Protein piccolo is a protein that in humans is encoded by the PCLO gene.

Function 

Synaptic vesicles dock and fuse in the active zone of the plasma membrane at chemical synapses. The presynaptic cytoskeletal matrix (PCM), which is associated with the active zone and is situated between synaptic vesicles, is thought to be involved in maintaining the neurotransmitter release site in register with the postsynaptic reception apparatus. The cycling of synaptic vesicles is a multistep process involving a number of proteins (see MIM 603215).

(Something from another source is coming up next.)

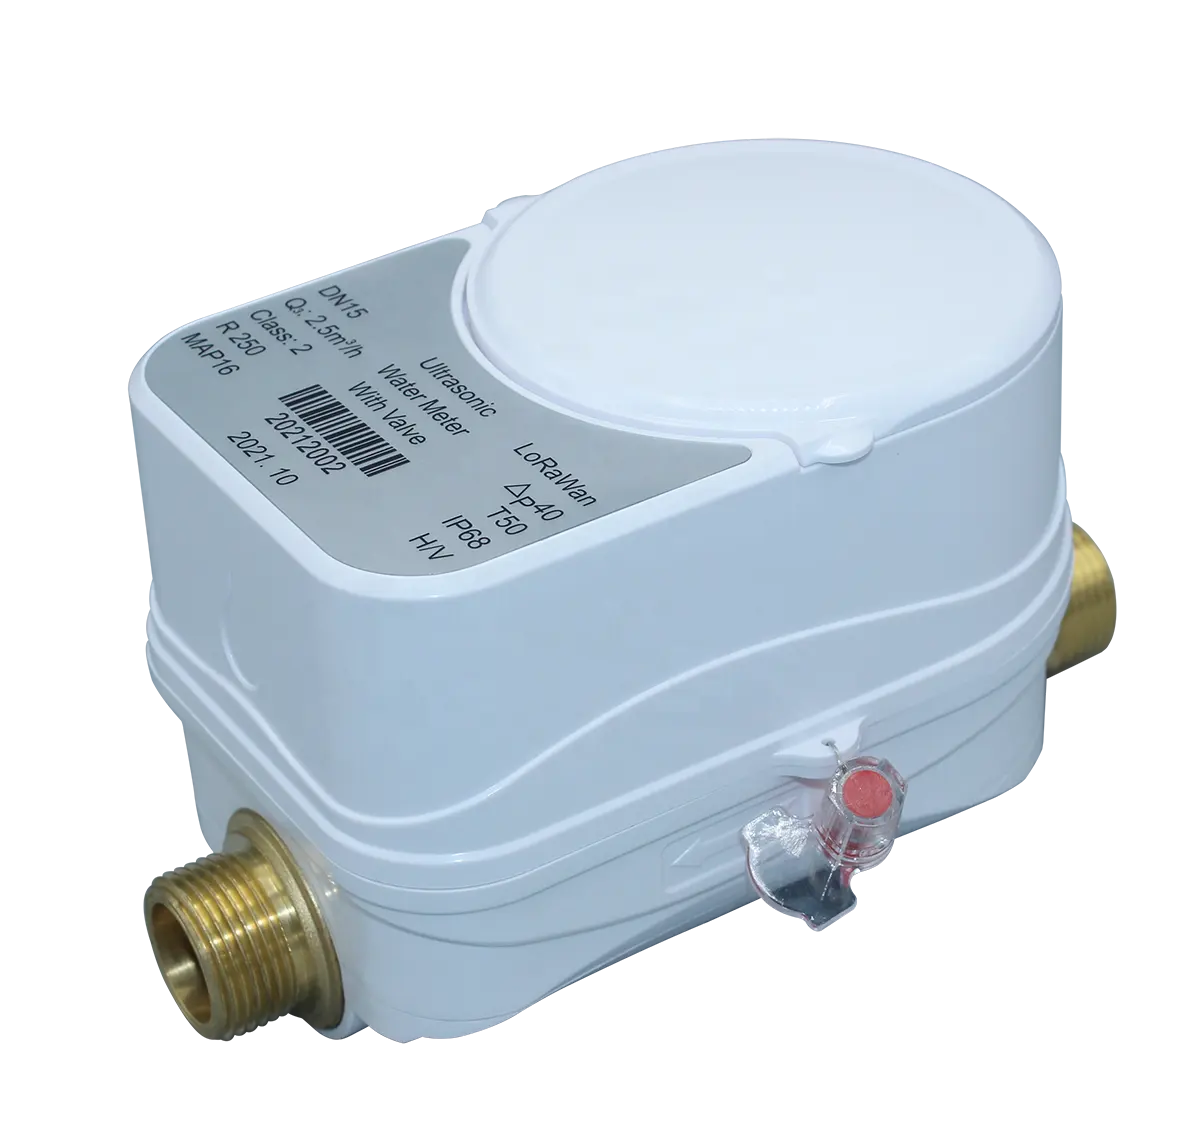 Compteur d'eau à ultrasons, modèle à bas prix, LoRawan Mbus Modbus numérique intelligent, débitmètre d'eau à ultrasons classe B 213C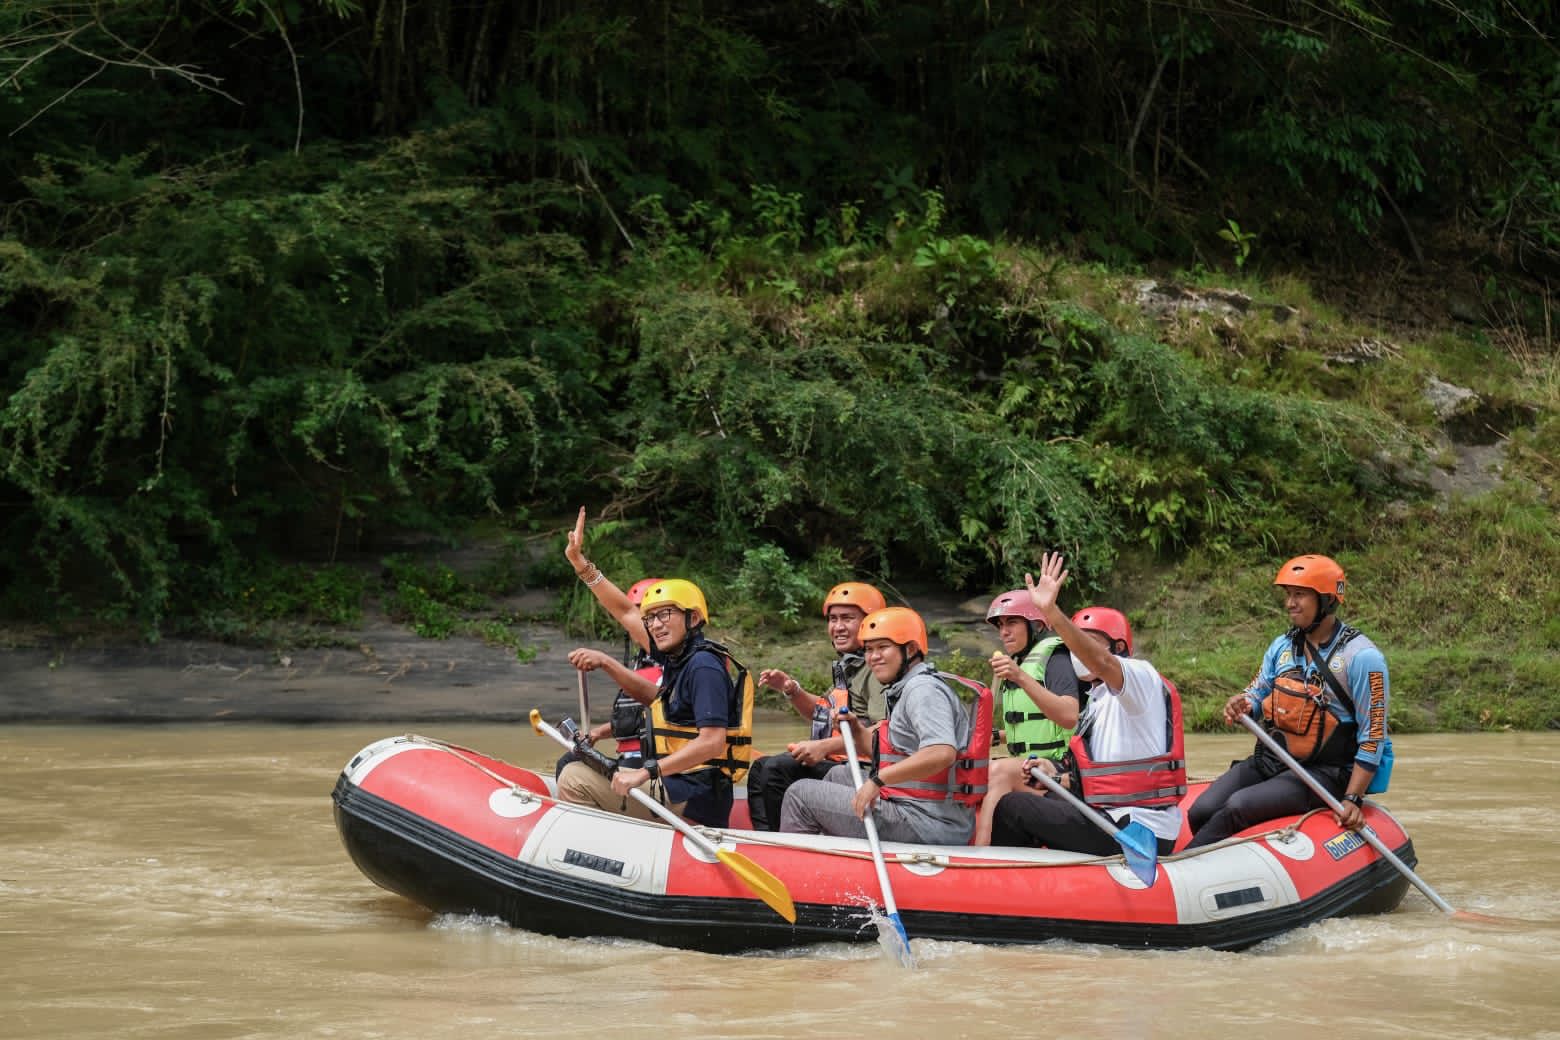 Termasuk 50 Desa Wisata Terbaik di ADWI 2022, Menparekraf Jajal Wisata Arung Jeram di Desa Wisata Buluh Duri Sumut

Among the components of the PCM that orchestrate these events are Bassoon (BSN; MIM 604020), RIM (RIMS1; MIM 606629), Oboe (RIMS2; MIM 606630), and Piccolo (PCLO).[supplied by OMIM]

Interactions 

The protein product of PCLO called Piccolo has been shown to interact with number of proteins including GIT1,  the F-actin-binding protein Abp1, PRA1, TRIO, DAAM1, and Profilin.

Clinical relevance 

Recurrent mutations in this gene have been associated to cases of diffuse large B-cell lymphoma. Recent evidence has shown that a homozygous, nonsense PCLO mutation is the genetic cause of the autosomal recessive neurodegenerative disorder, pontocerebellar hypoplasia type III (PCH3).